Corollary 4.1.1.
If \(f\) is invertible (i.e. 1-1) and differentiable on an interval, then
\begin{equation*}
(f^{-1})'(x)=\frac{1}{f'(f^{-1}(x))}
\end{equation*}
Section 4.1 Inverse Functions
The chain rule Theorem 3.4.1 from Section 3.4 yields an assortment of powerful corollaries.
We don’t dwell much on proof in this text but, can you see the proof here? When we use the name "corollary" for a mathematical statement, we are stating that the proof follows quickly from previous theorems. Consequently, corollaries provide a gentle introduction to the idea of proof writing. So, it seems appropriate at this stage to be, at least occasionally, discussing such proofs. In this case, the corollary above follows quickly from the chain rule. Why? Notice that by the definition of inverse functions, we have that \(f(f^{-1}(x))=x\text{.}\) Now, use the chain rule to help with differentiating both sides of this equation and see what you get.
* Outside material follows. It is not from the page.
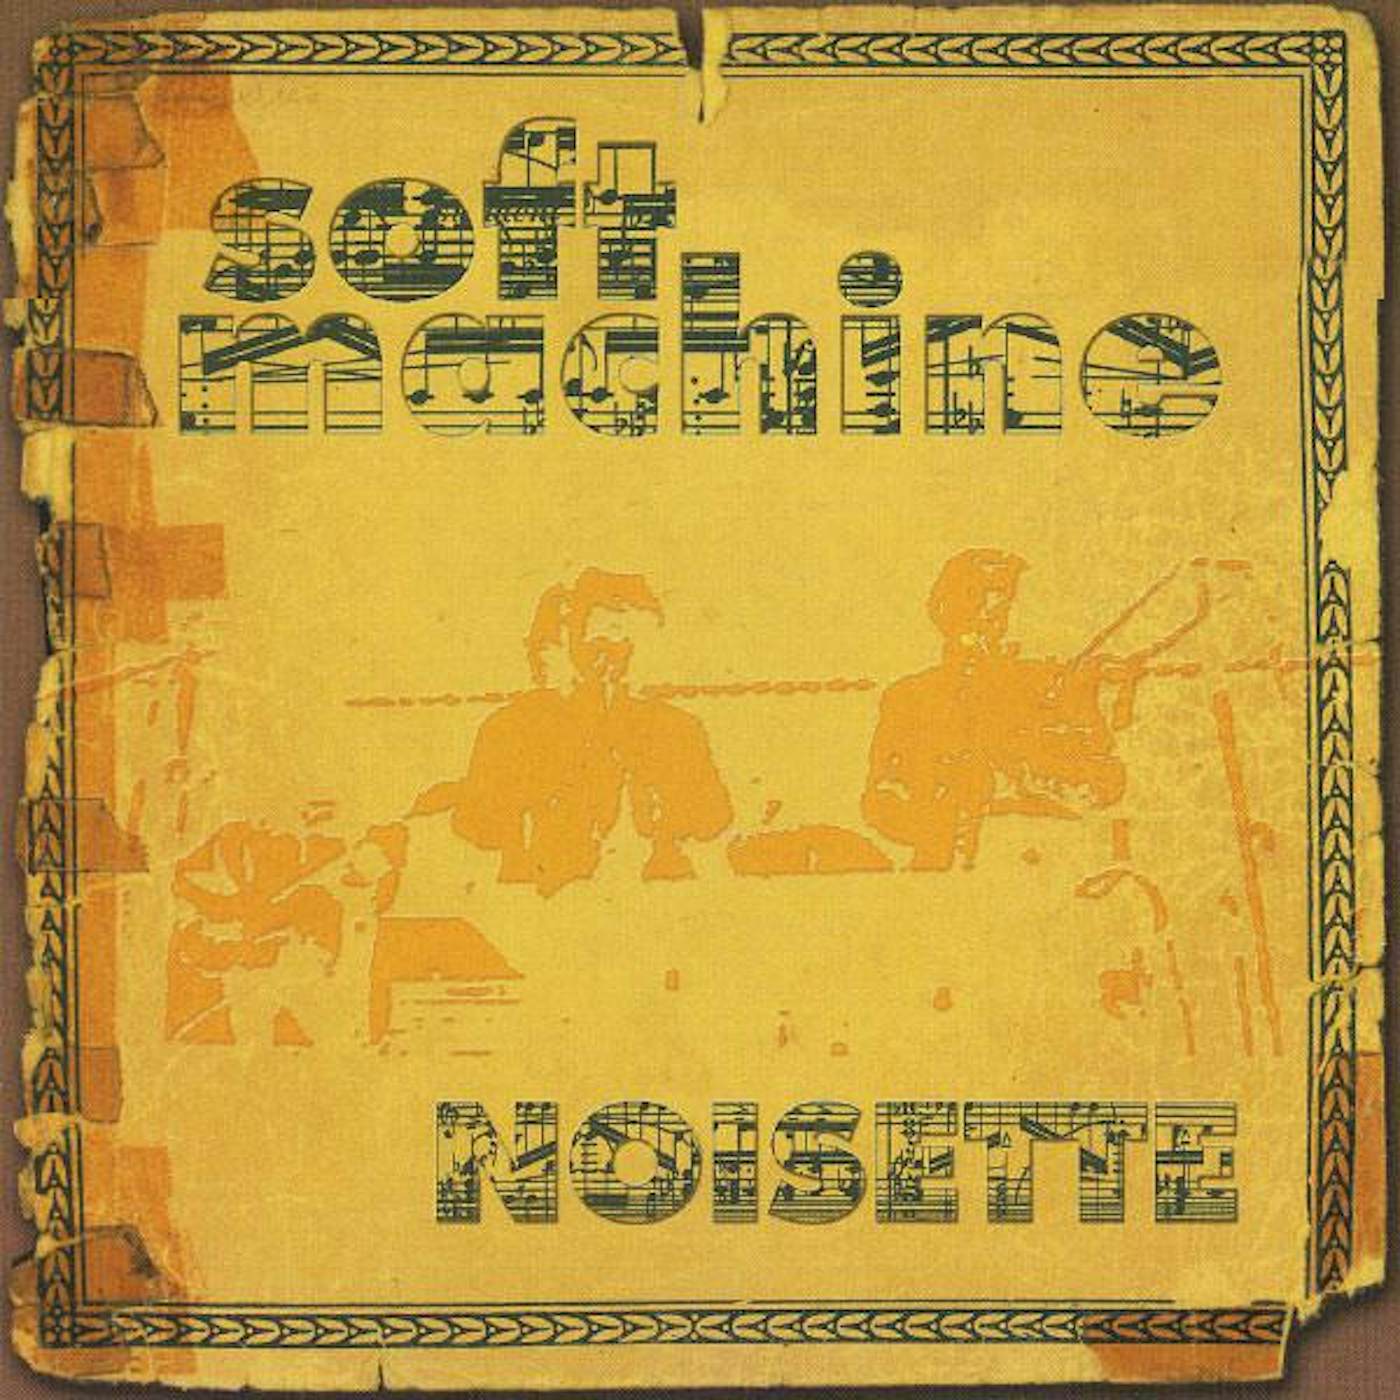 Soft Machine NOISETTE CD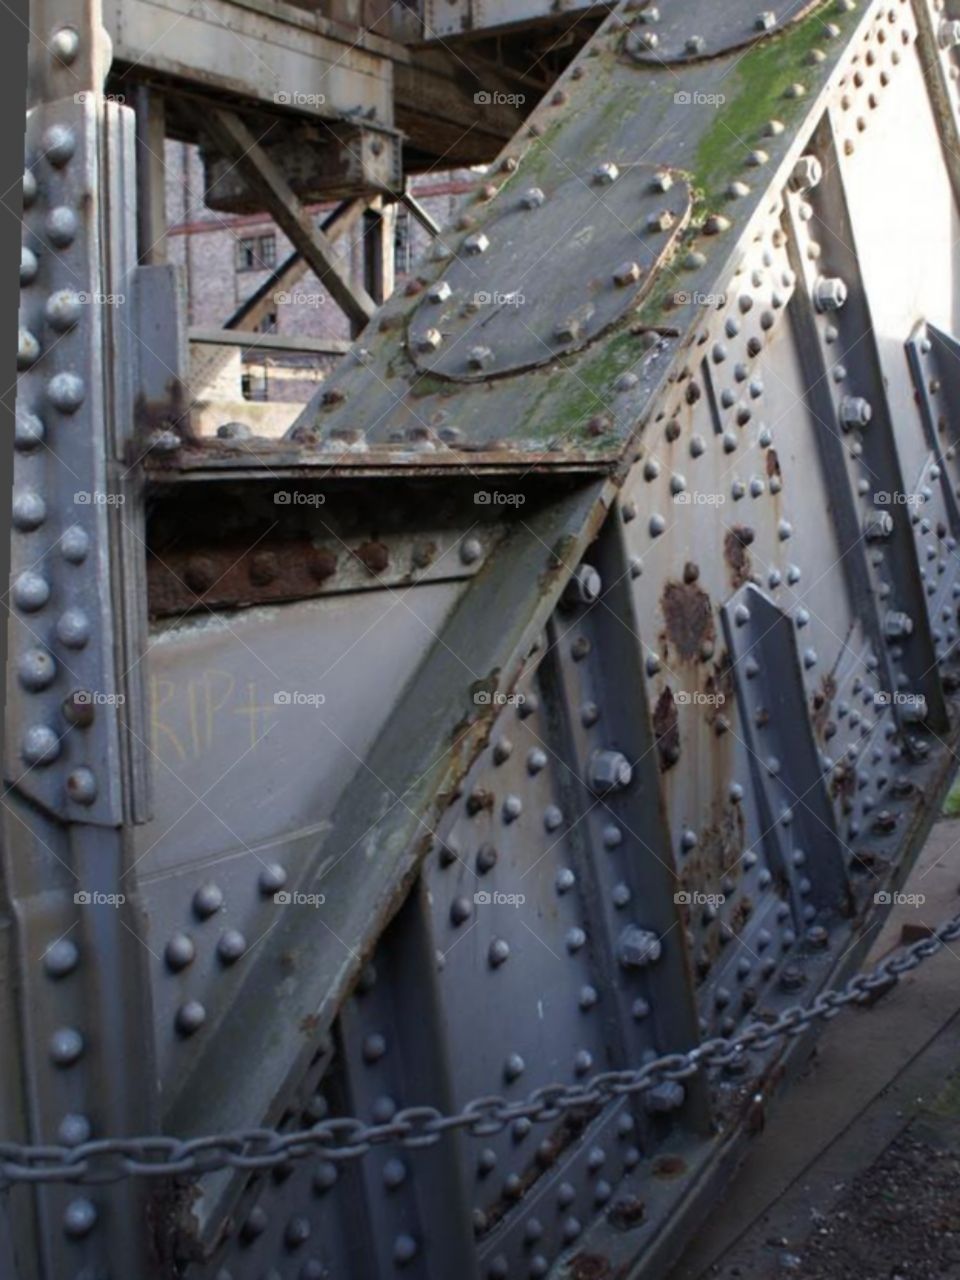 Iron bridge

It’s important to note here that, like the basic properties of differentiation from previous sections, this is once again saying that if you know the derivative of one function (\(f\) in this case), then you get for free the derivative of another function (\(f^{-1}\) in this case). Let’s try it out.
\begin{equation*}
\begin{array}{llll}
(sin^{-1}(x))' \amp = \amp \frac{1}{sin'(sin^{-1}(x))} \amp (\text{corollary above}) \\
\amp = \amp \frac{1}{cos(sin^{-1}(x))} \amp (\text{know derivative of sin}) \\
\amp = \amp \frac{1}{\sqrt{1-x^2}} \amp (\text{trig fact}) \\
\end{array}
\end{equation*}
If you are not remembering / missing some trig stuff, the last equality above may throw you a bit. Bear in mind, that that is a trig fact and not calculus per se. Still, if you don’t recall that composing a trig function with an inverse trig function leads to an algebraic expression (e.g. \(cos(sin^{-1}(x))=\sqrt{1-x^2}\)), then this might be a good time to at least review / look at \(sin\) composed with \(cos^{-1}\) and \(cos\) composed with \(sin^{-1}\)